• EXERCISE INPUTS
================================
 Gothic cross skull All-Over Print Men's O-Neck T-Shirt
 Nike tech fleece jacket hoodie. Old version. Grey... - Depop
================================
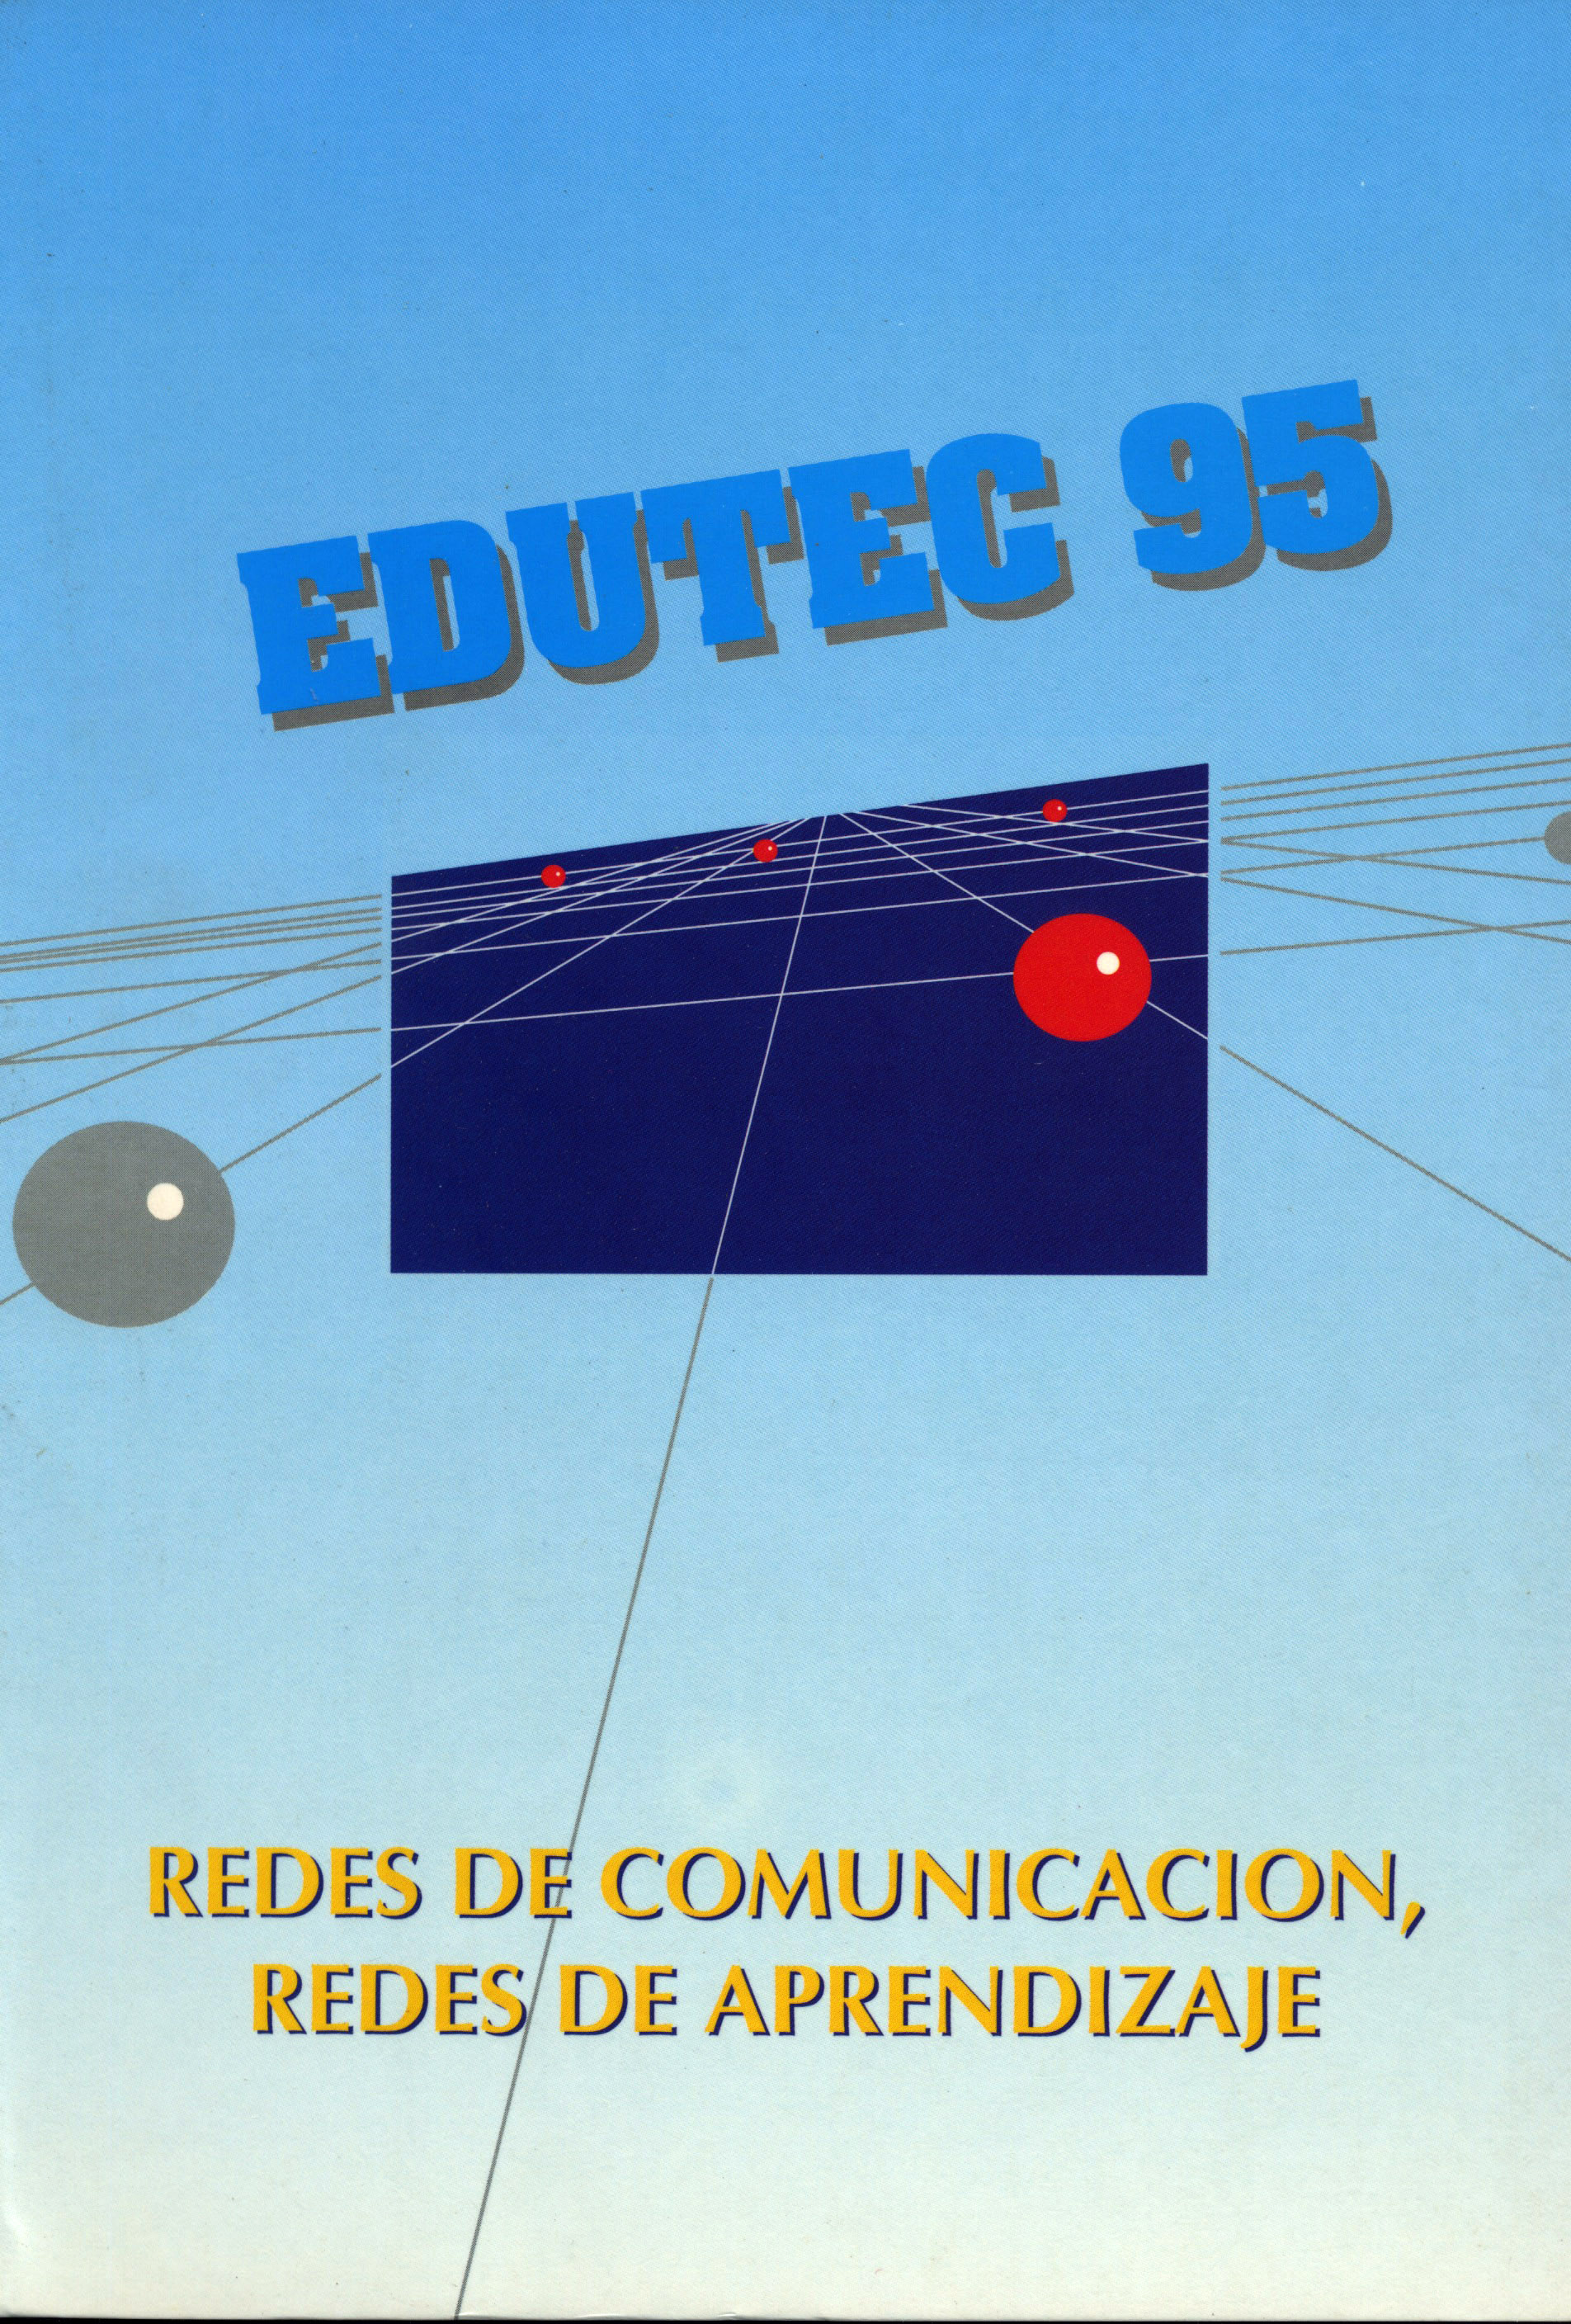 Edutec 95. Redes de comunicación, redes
================================
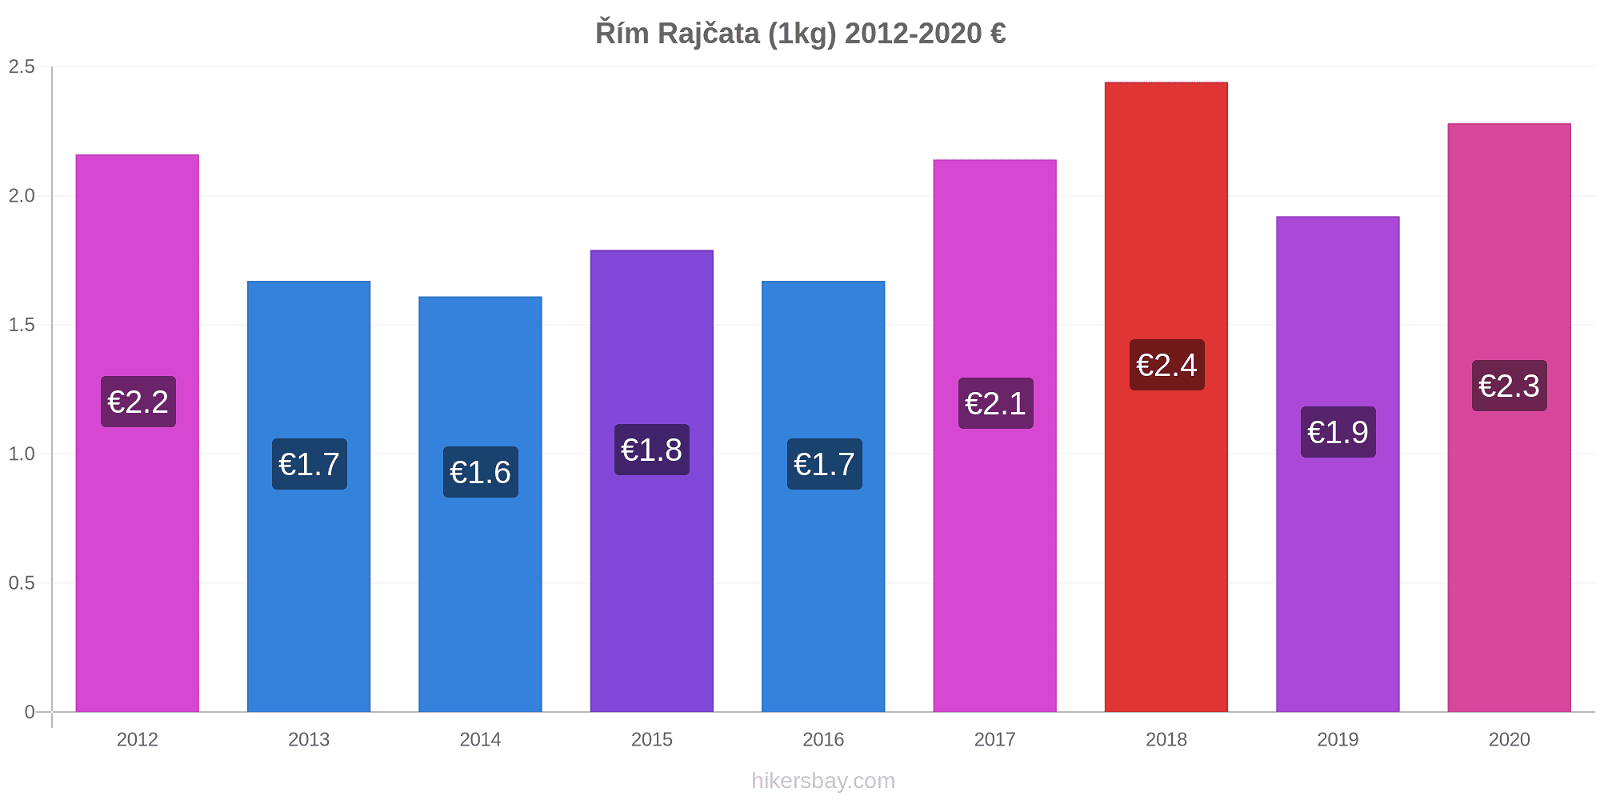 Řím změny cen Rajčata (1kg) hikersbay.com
================================
• EXERCISE
Everything from the line with "Gothic cross skull" through the line with "Nike tech fleece" in the listing above must be retyped exactly, with nothing added.

• YOUR RESPONSE
 Gothic cross skull All-Over Print Men's O-Neck T-Shirt
 Nike tech fleece jacket hoodie. Old version. Grey... - Depop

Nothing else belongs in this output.